In [1]:
from src.utils import *

In [2]:
# delete 75% of files in the directory
import os
import random

def delete_files(directory, percentage=0.75):
    files = os.listdir(directory)
    files = random.sample(files, int(len(files) * percentage))
    for file in files:
        os.remove(os.path.join(directory, file))

# delete_files('data/train/audio_yes_no/no', 0.5)
# delete_files('data/train/audio_yes_no/yes', 0.5)

In [3]:
import torch
from transformers import AutoFeatureExtractor, ASTForAudioClassification


model_name = "MIT/ast-finetuned-audioset-10-10-0.4593"
feature_extractor = AutoFeatureExtractor.from_pretrained(model_name)
model = ASTForAudioClassification.from_pretrained(model_name)

only_name = model_name.split("/")[-1]   


In [4]:
import torch
import torchaudio
from torch.utils.data import Dataset, DataLoader
import os

class CustomAudioDataset(Dataset):
    def __init__(self, data_dir, transform=None, fixed_length=None):
        self.data_dir = data_dir
        self.file_list, self.labels = self._get_file_list_and_labels()
        self.transform = transform
        self.fixed_length = fixed_length

    def _get_file_list_and_labels(self):
        file_list = []
        labels = []
        for root, dirs, files in os.walk(self.data_dir):
            for file in files:
                if file.endswith(".wav"):  # Adjust file extension if needed
                    file_list.append(root + "/" + file)
                    labels.append(os.path.basename(root))  # Extract label from directory name
        return file_list, labels

    def __len__(self):
        return len(self.file_list)

    def __getitem__(self, idx):
        file_path = self.file_list[idx]
        waveform, sample_rate = torchaudio.load(file_path)
        
        
        
        if self.fixed_length:
            waveform = self._pad_waveform(waveform, self.fixed_length)

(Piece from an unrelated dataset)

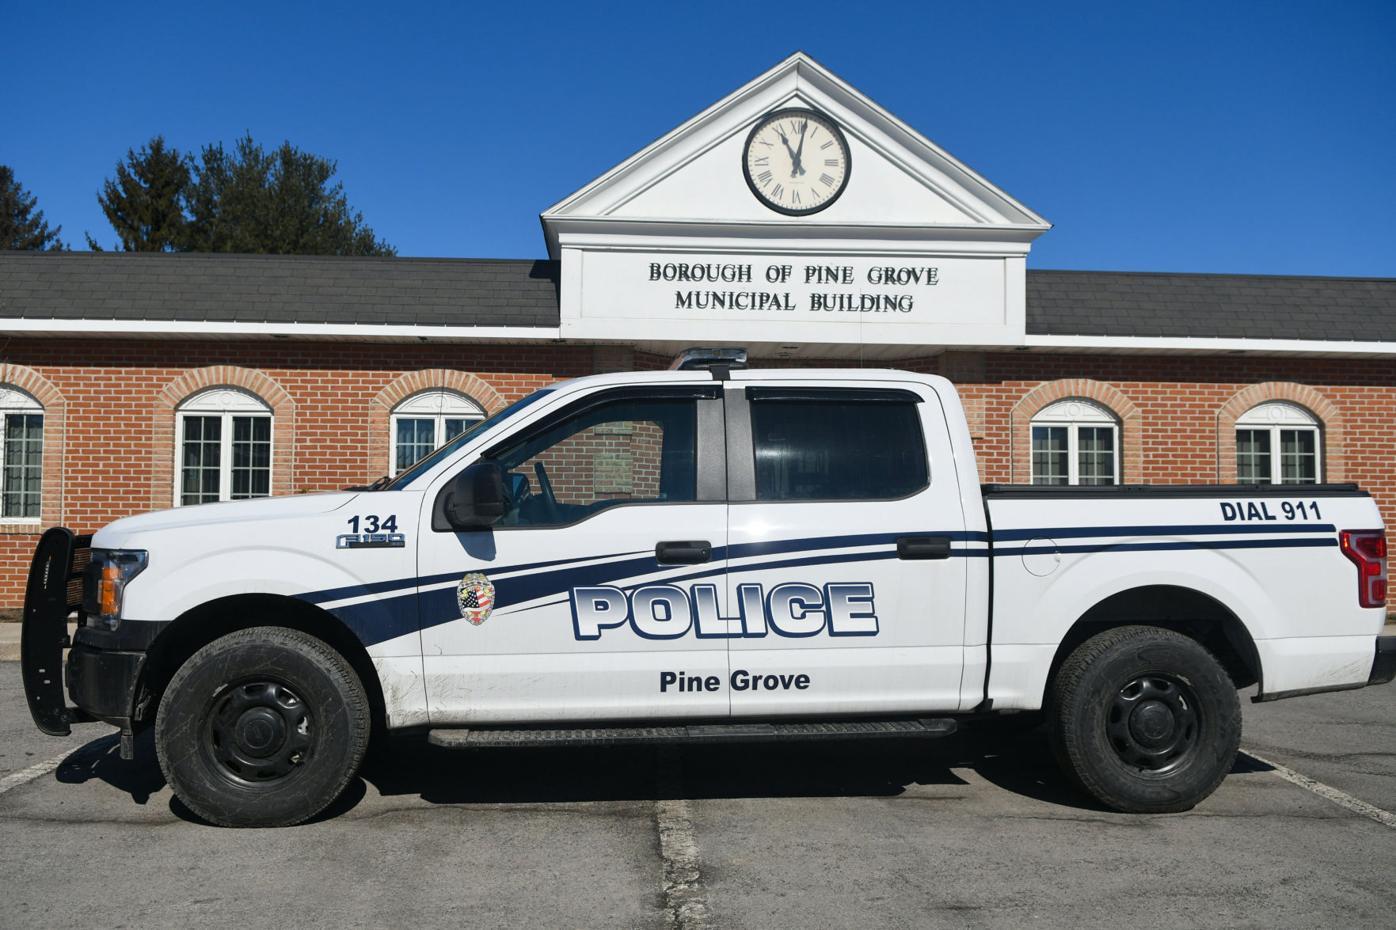 PINE GROVE POLICE
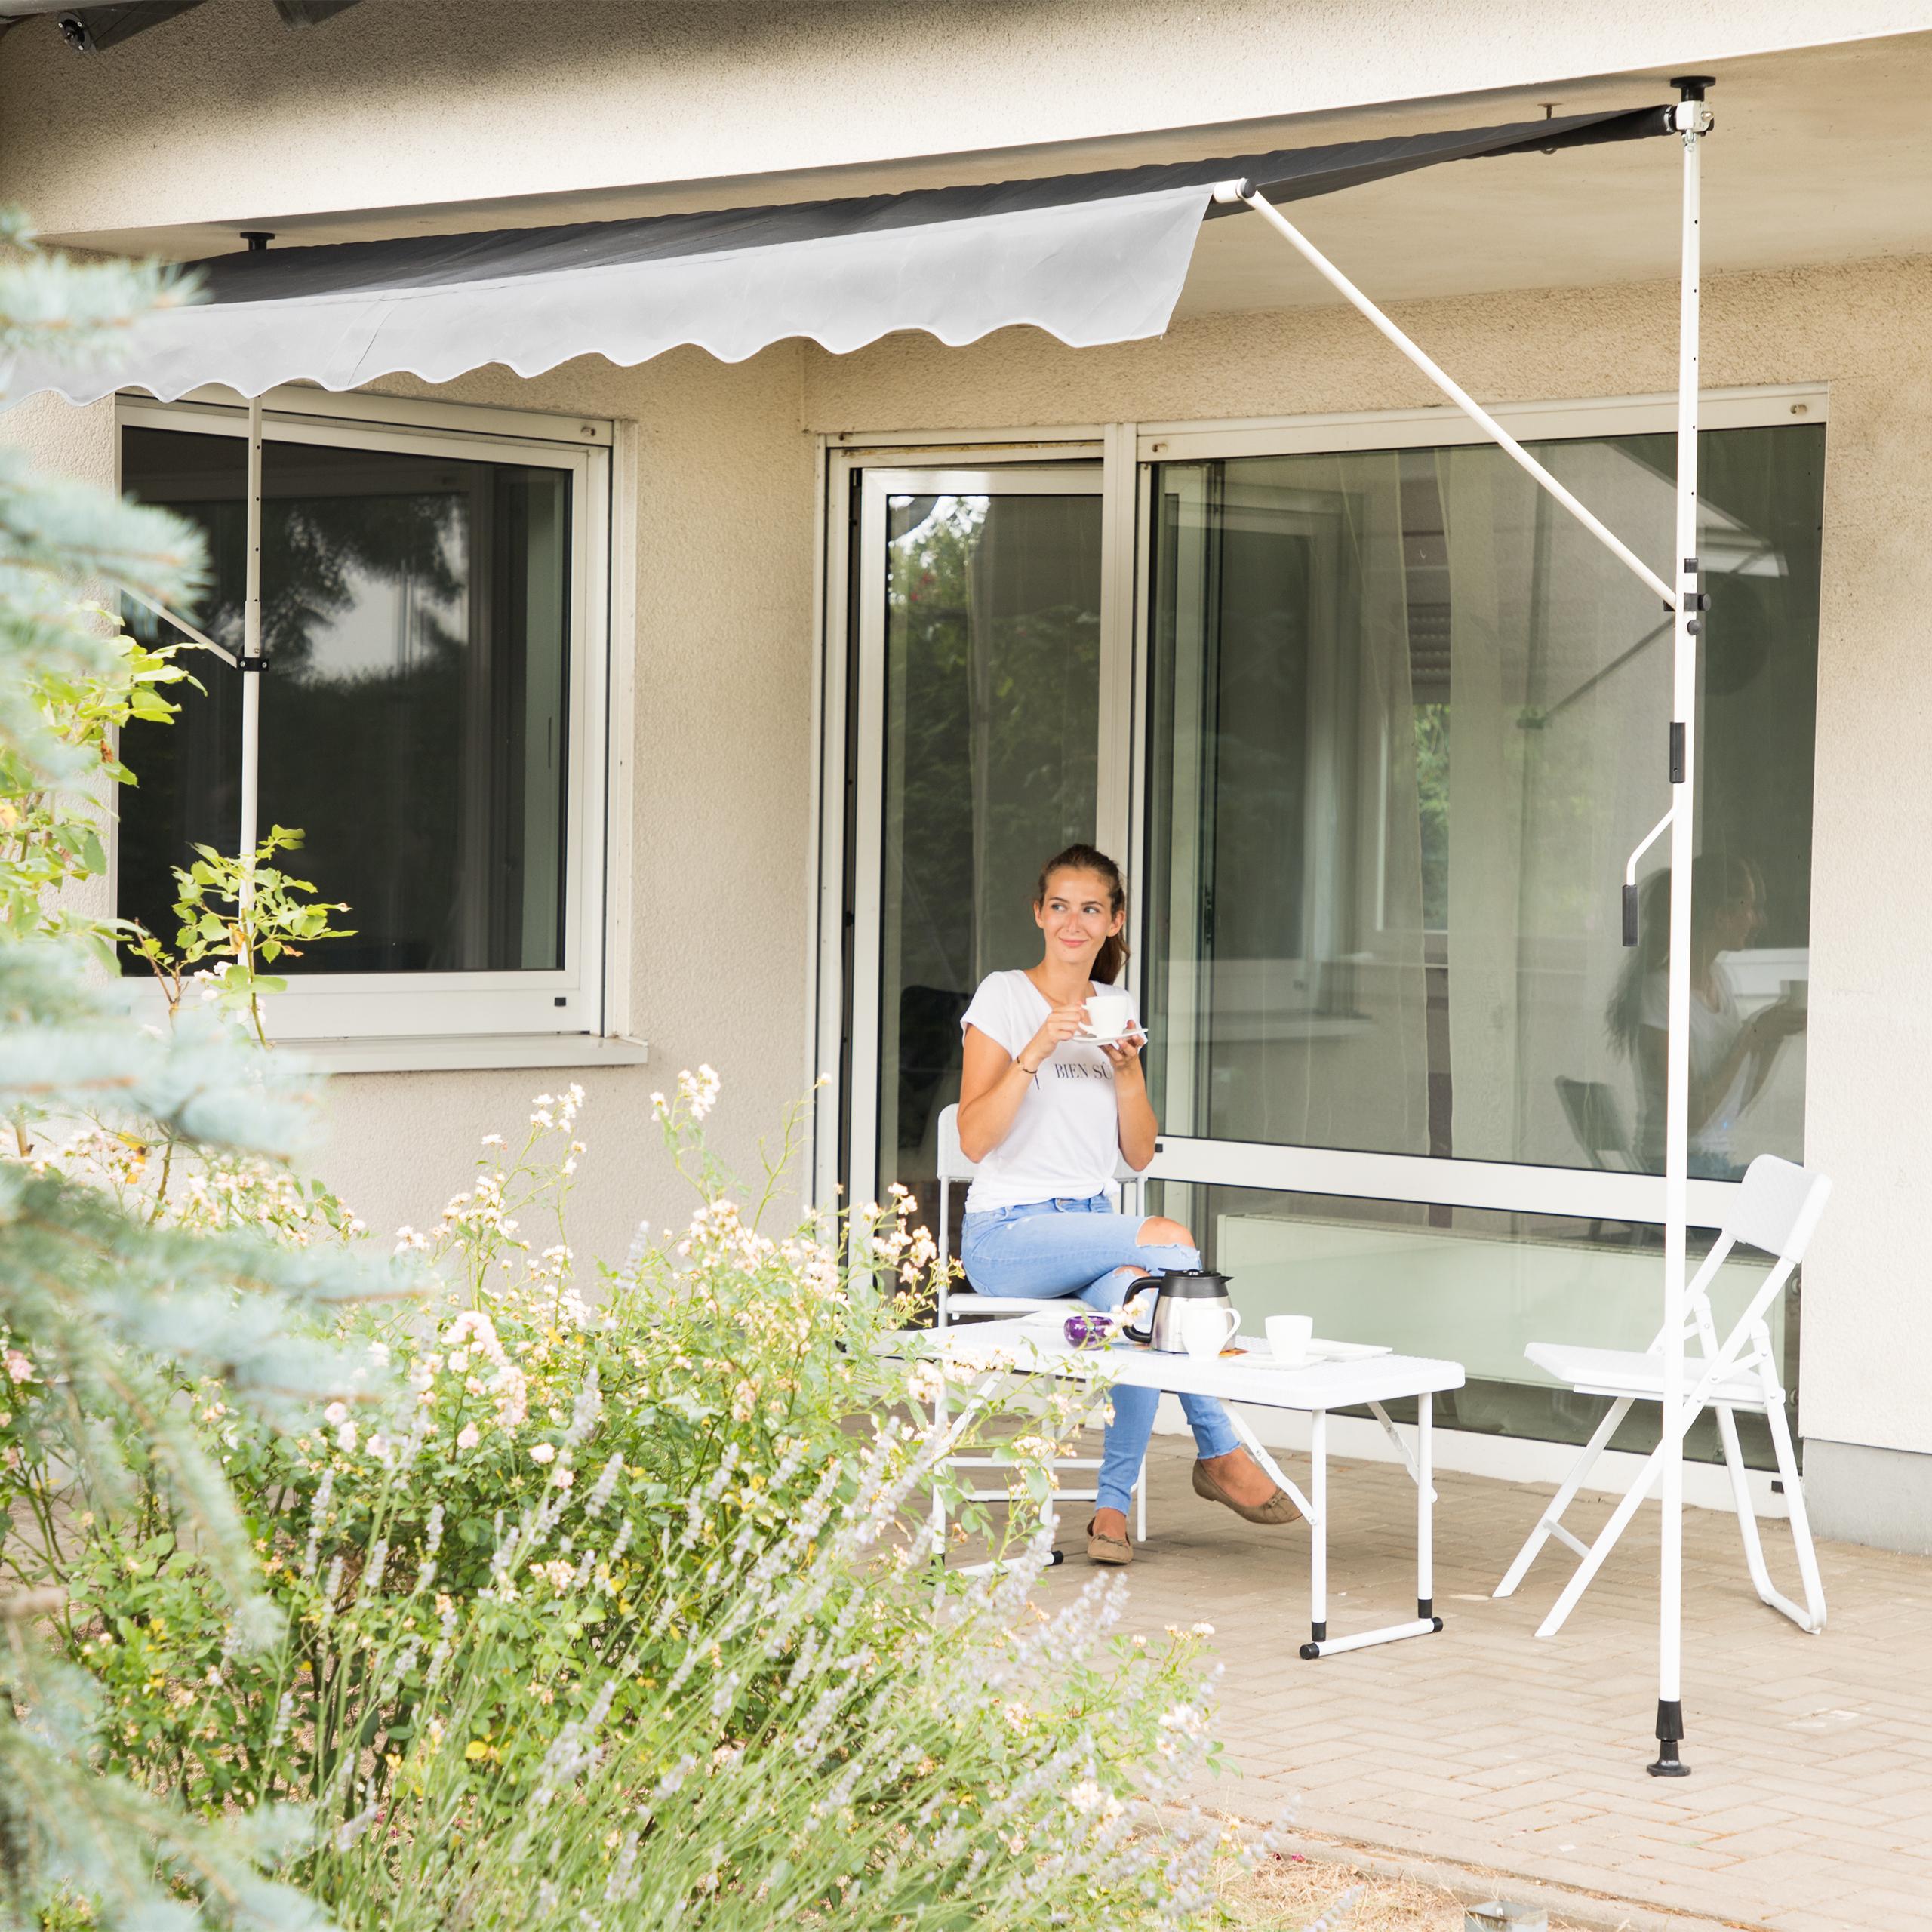 Klemmmarkise Balkon Markise Balkonmarkise Sonnenmarkise Sonnendach grau Gestell

        label = self.labels[idx]

        

        if self.transform:
            waveform = self.transform(waveform, sampling_rate=sample_rate)['input_values'][0]

        return waveform, sample_rate, label

    def _pad_waveform(self, waveform, target_length):
        length_diff = target_length - waveform.size(1)
        if length_diff > 0:
            padding = torch.zeros((1, length_diff))
            waveform = torch.cat([waveform, padding], dim=1)
        return waveform.squeeze(0)

# Example usage
data_dir = "data/train/audio_yes_no/"
transform = feature_extractor  # You can define transformations if needed
fixed_length = 16000  # Assuming you want to fix the length to 16000 samples
sampling_rate = fixed_length  # Assuming you want to fix the sampling rate to 16000 Hz

# Create custom dataset
dataset = CustomAudioDataset(data_dir, transform=transform, fixed_length=fixed_length)

batch_size = 4


In [5]:
num_classes = 11
num_ftrs = 768

In [6]:
num_epochs = 10
optimizer = torch.optim.Adam(model.parameters(), lr=0.001)
criterion = torch.nn.CrossEntropyLoss()

In [7]:
device = torch.device('cuda')
device

device(type='cuda')

In [8]:
def count_trainable_parameters(model):
    return sum(p.numel() for p in model.parameters() if p.requires_grad)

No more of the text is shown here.